Each line below must be set down exactly; omit any image you find.

══ Dataset extract ══

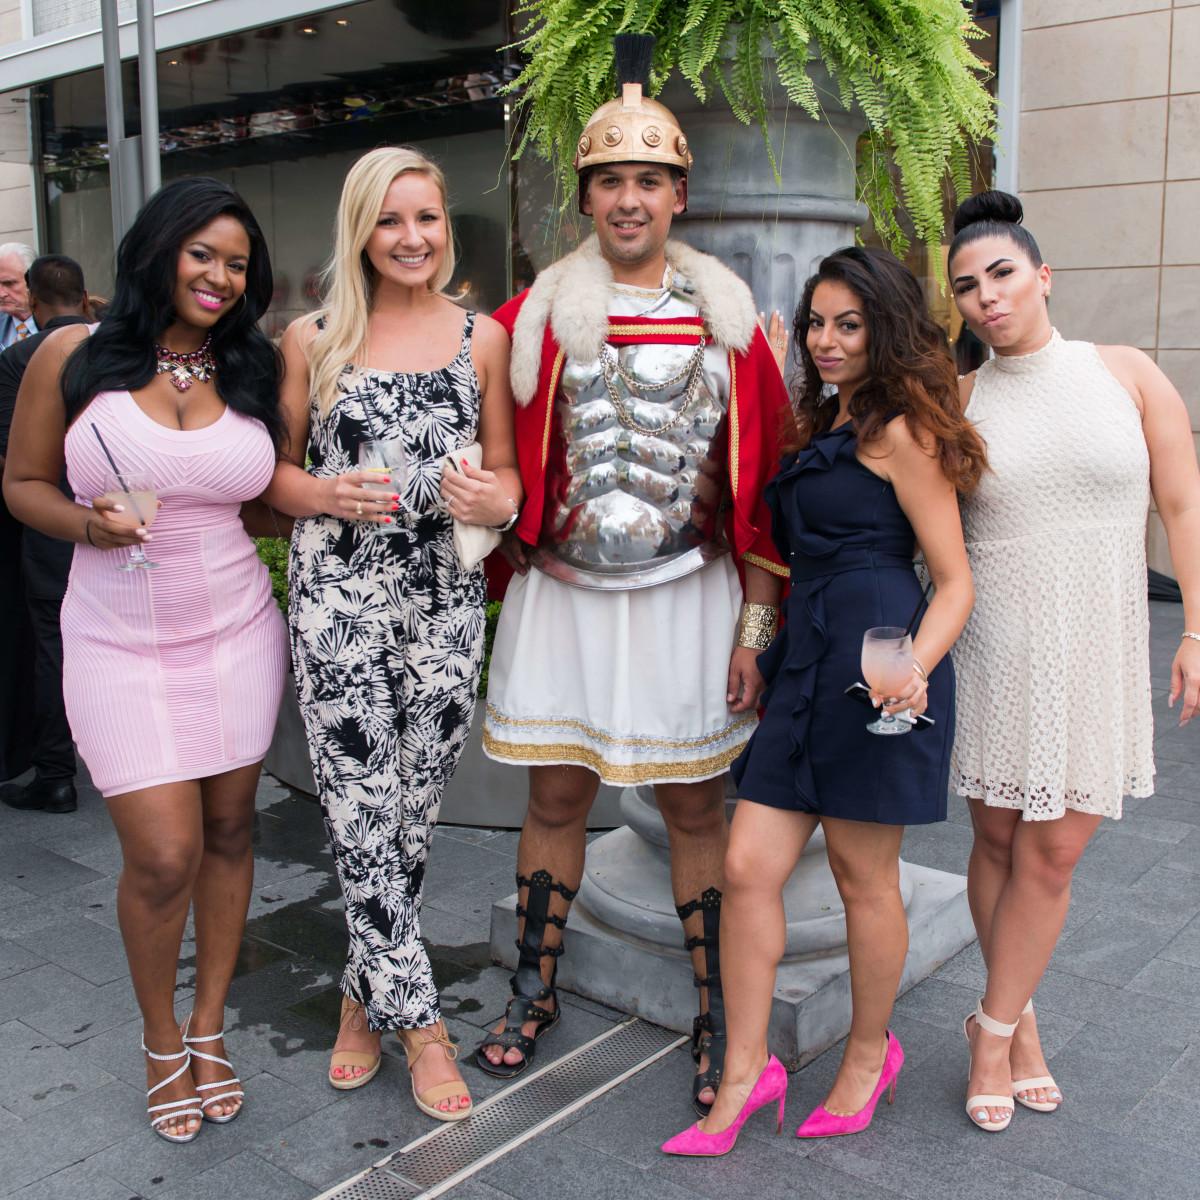 Ben-Hur premiere, Aug. 2016, Atia Willis, Kyle Hassenmiller, Christopher Marquez, Katie Naciri, Ashley Zeigler
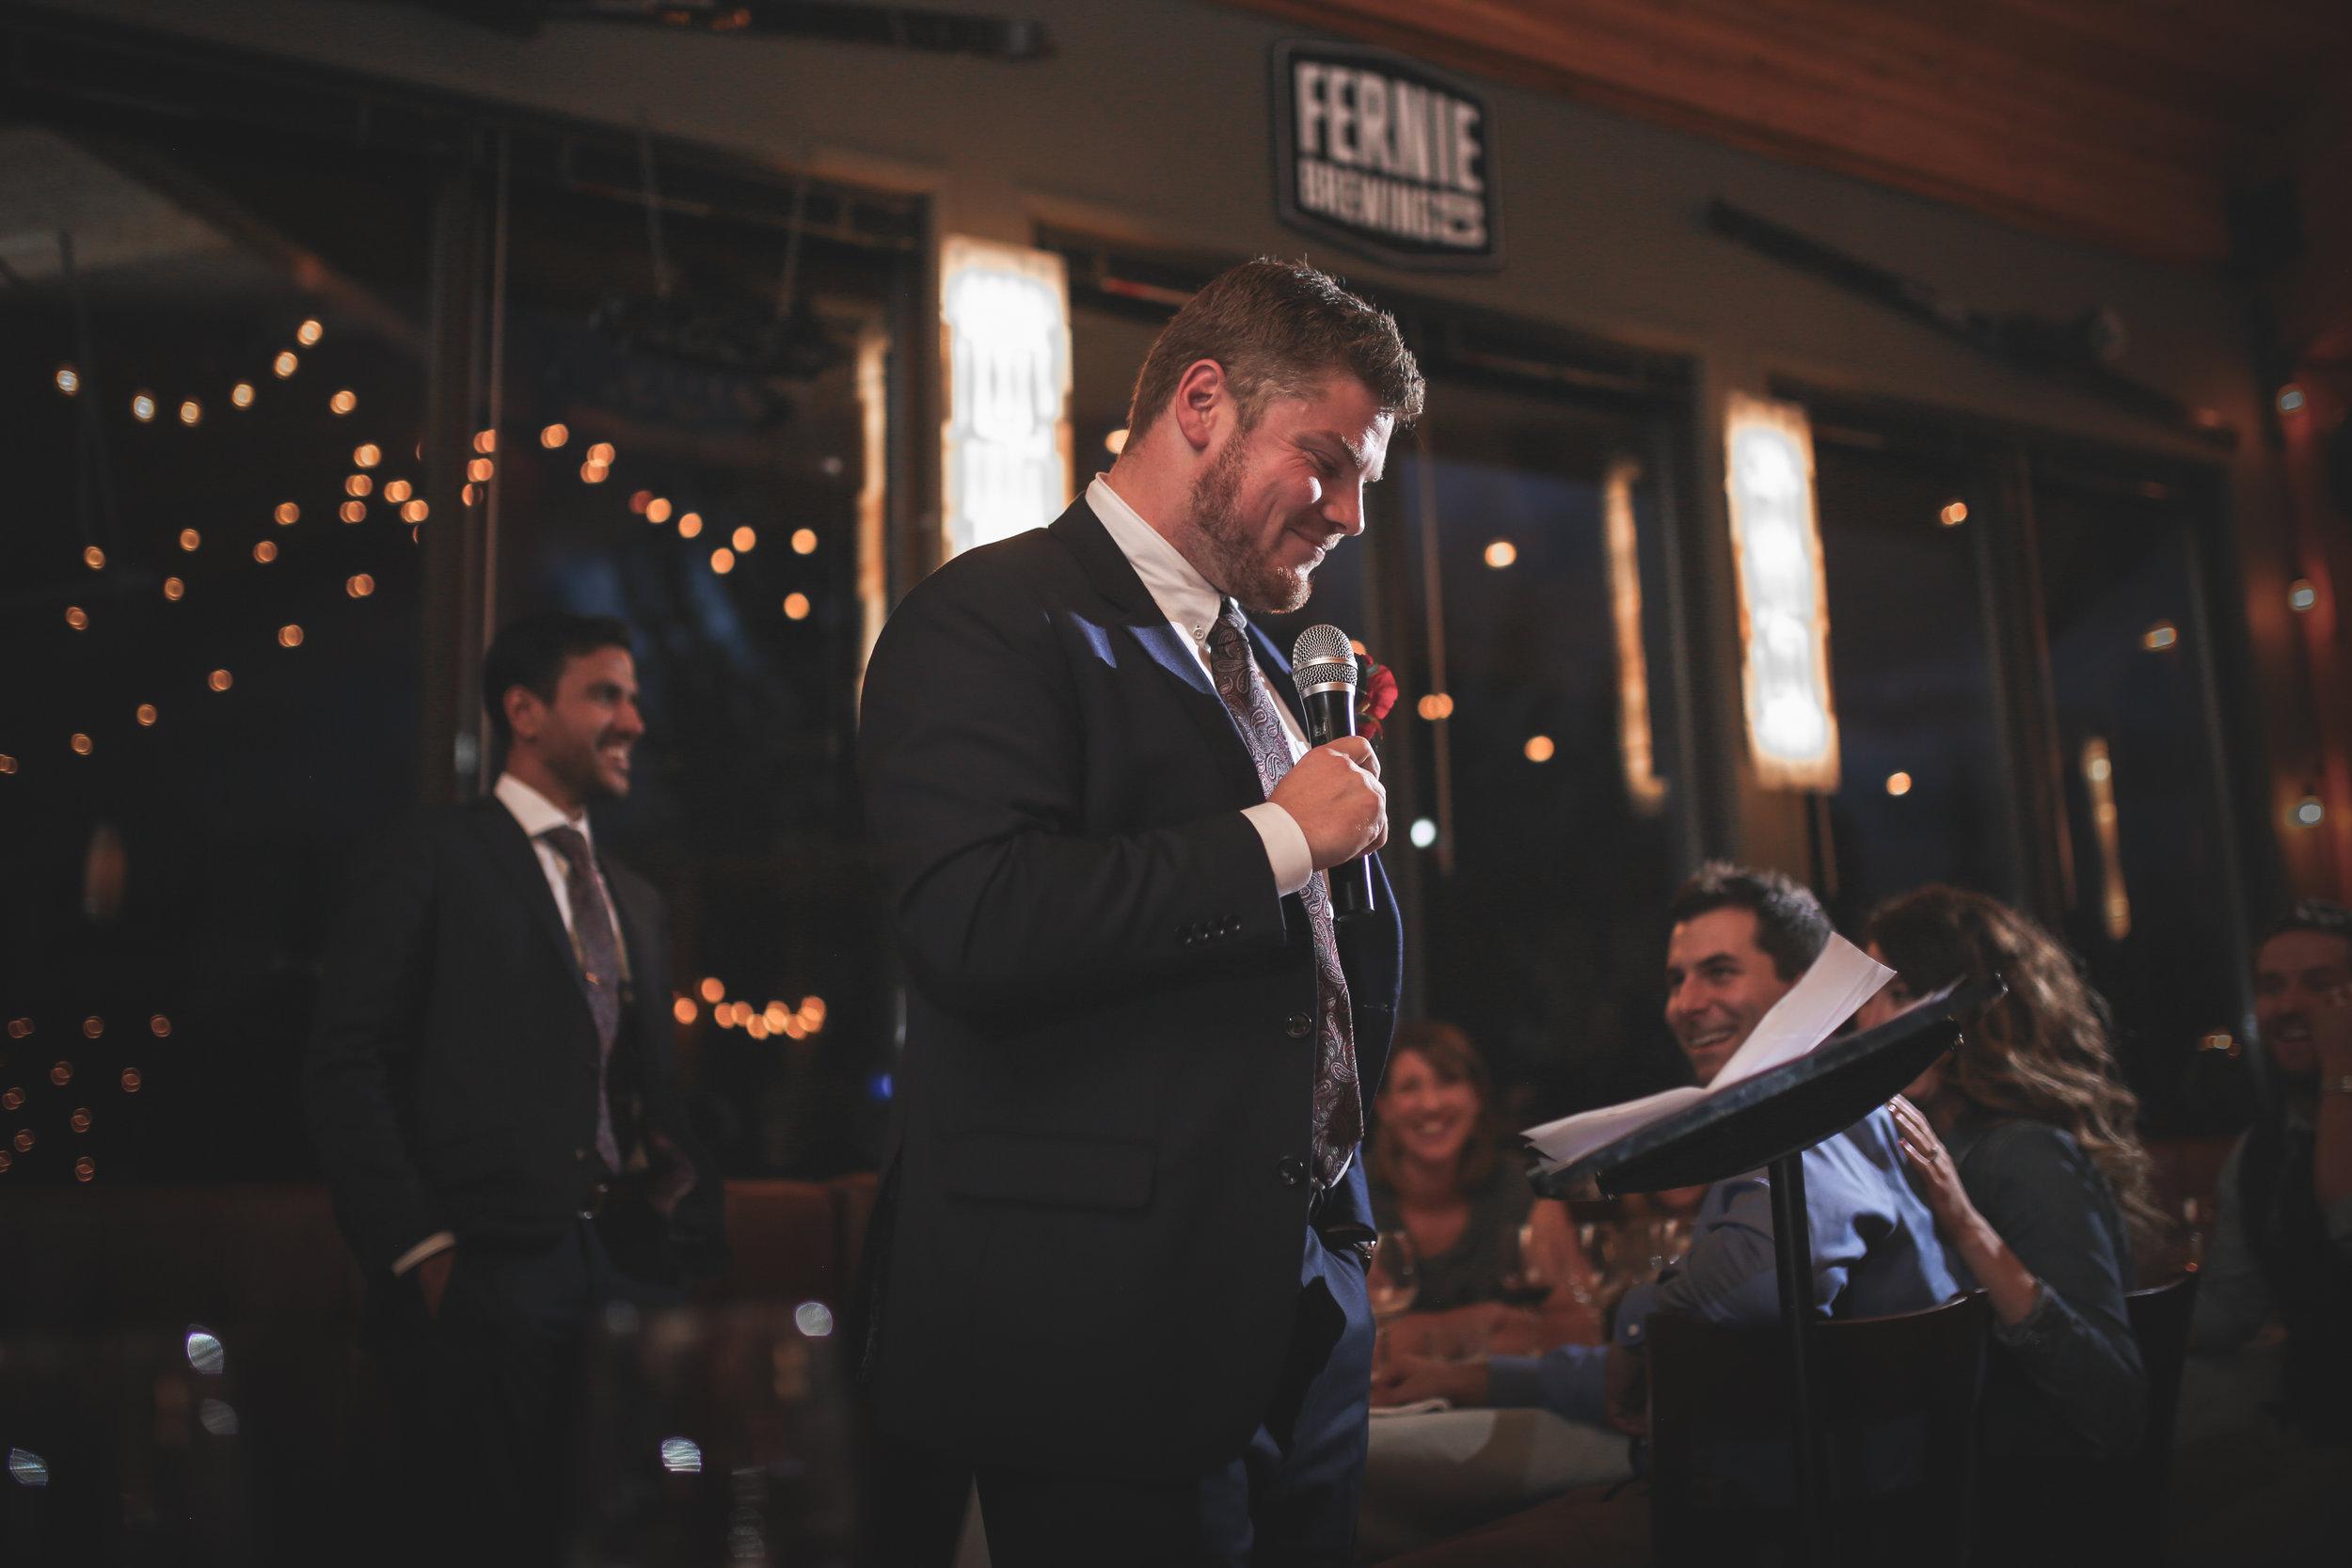 62 Adam Ziorio Photography - Vitoria wedding photographer Nick&Bree Fernie Wedding.jpg
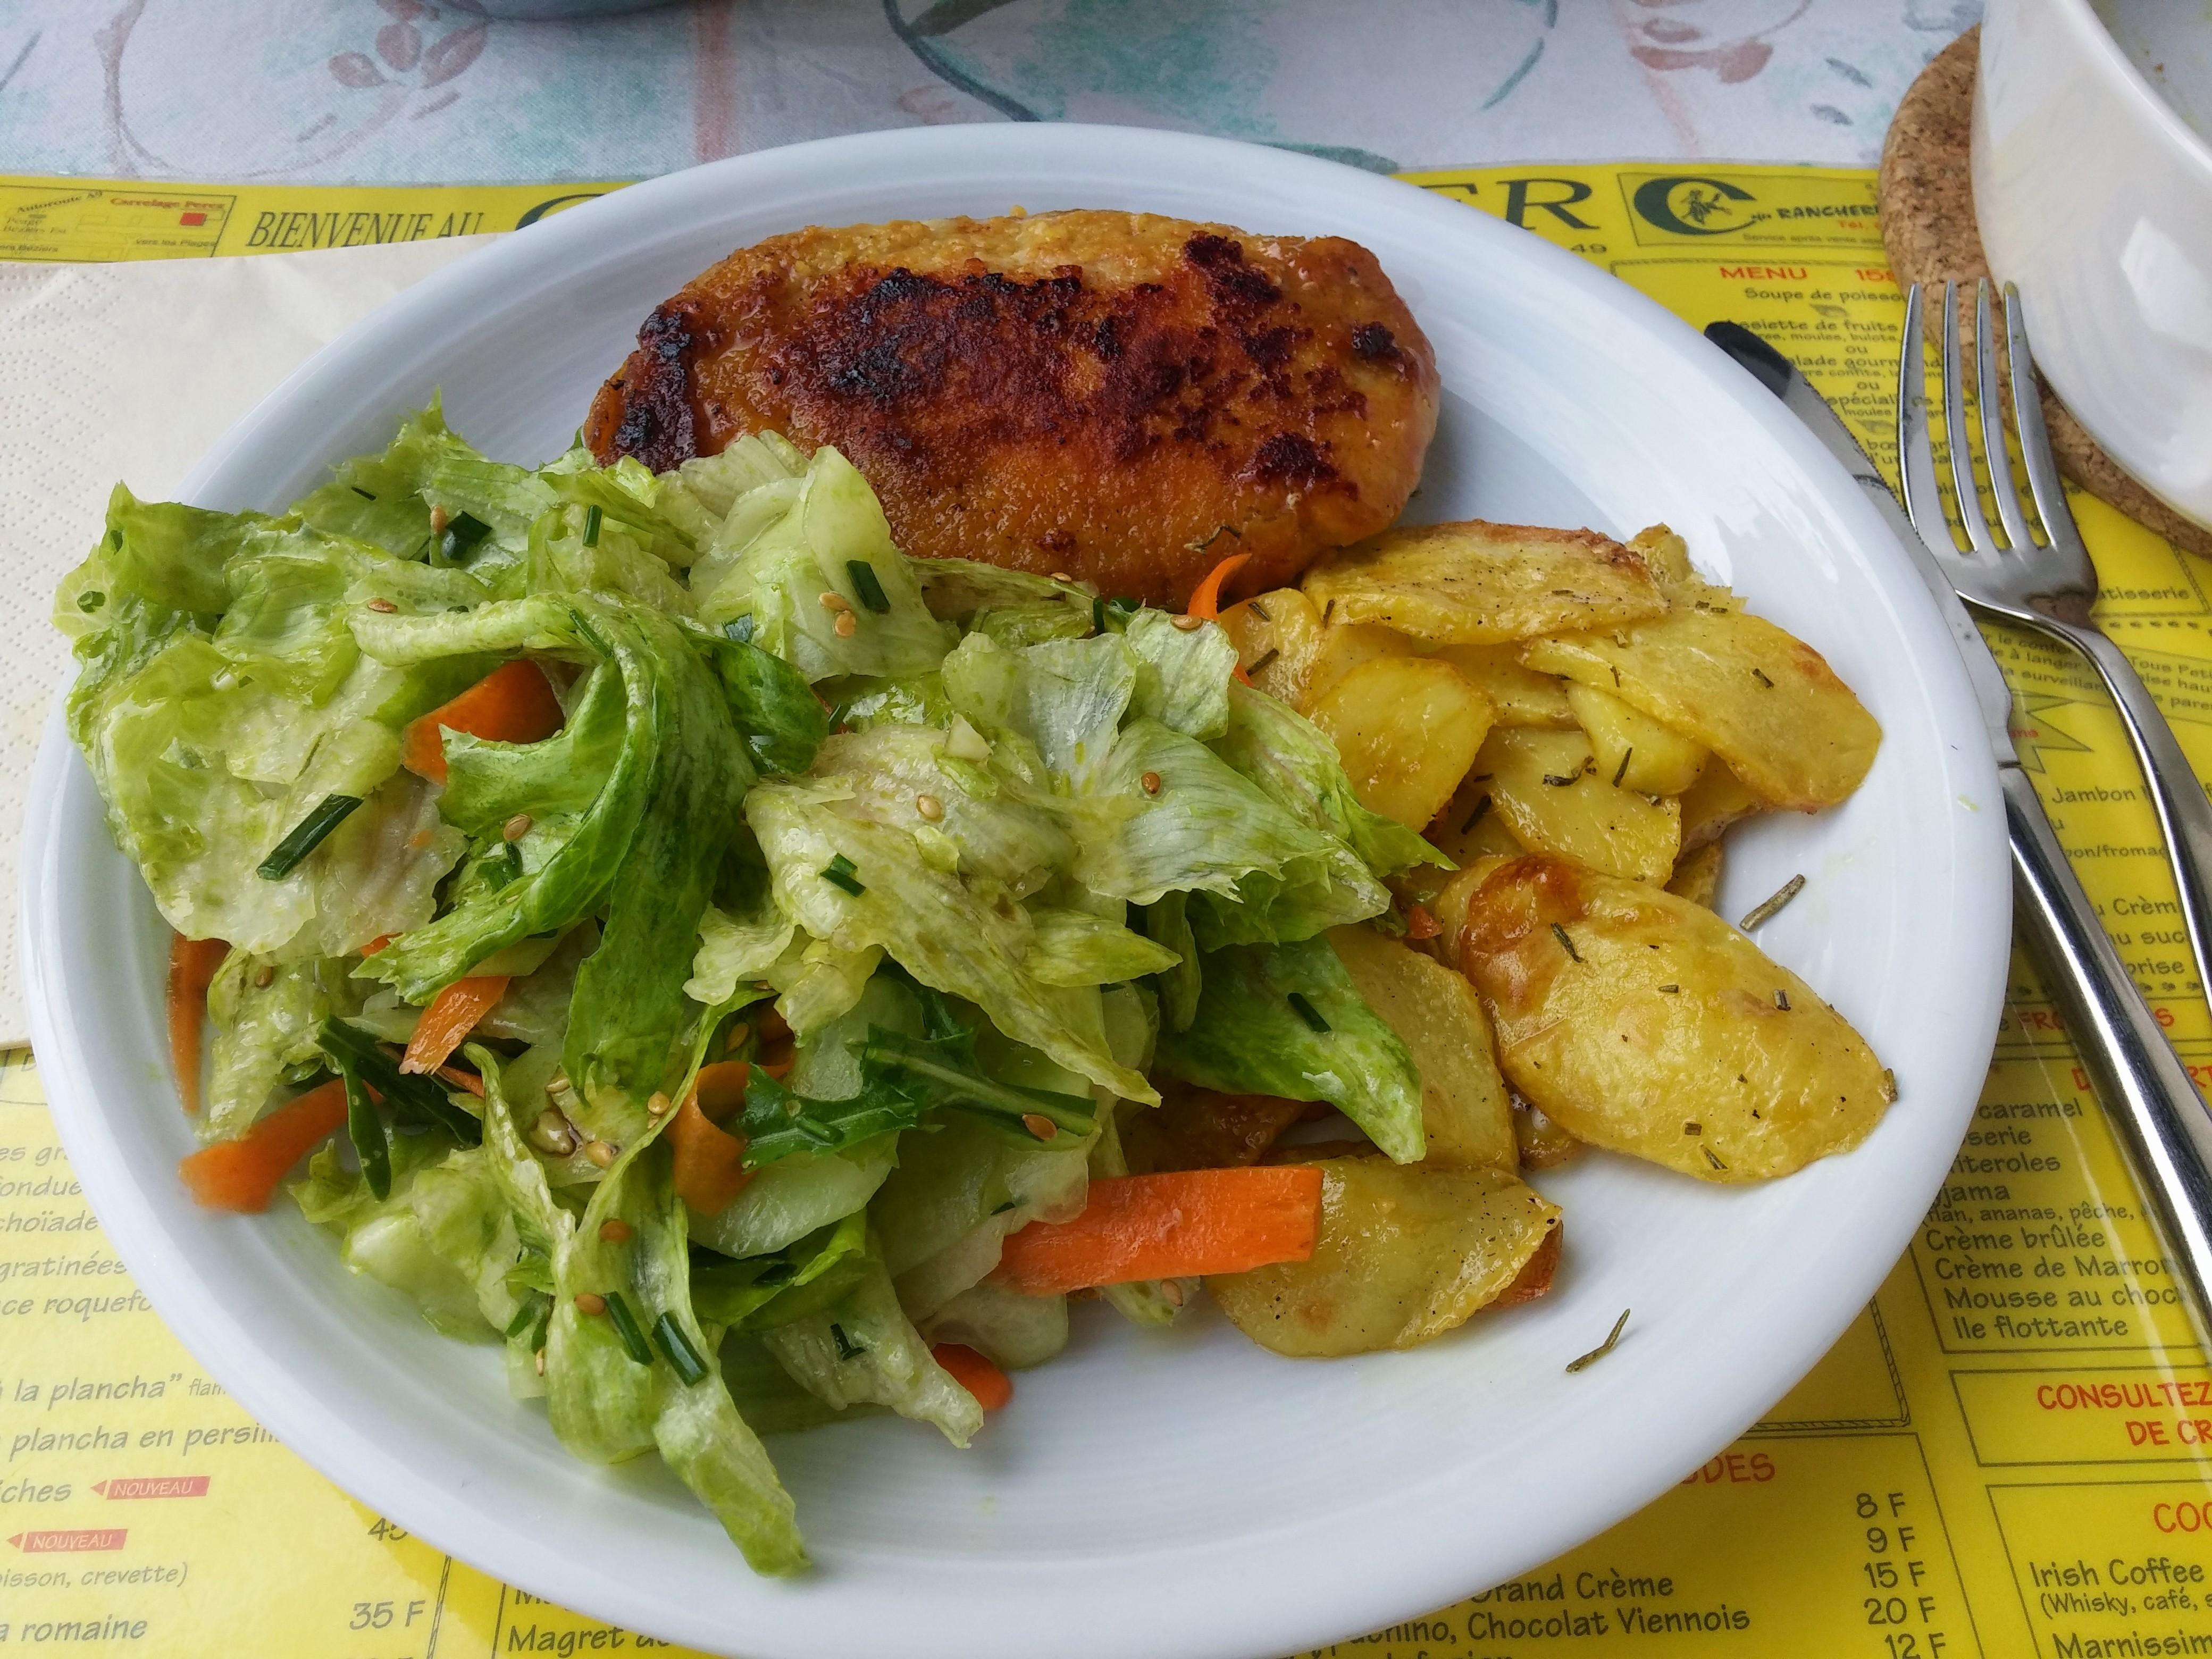 http://foodloader.net/nico_2015-08-09_cordon-bleu-mit-bratkartoffeln-und-salat.jpg

═══

== Solution to the exercise ==
 Ben-Hur premiere, Aug. 2016, Atia Willis, Kyle Hassenmiller, Christopher Marquez, Katie Naciri, Ashley Zeigler
 62 Adam Ziorio Photography - Vitoria wedding photographer Nick&Bree Fernie Wedding.jpg
 http://foodloader.net/nico_2015-08-09_cordon-bleu-mit-bratkartoffeln-und-salat.jpg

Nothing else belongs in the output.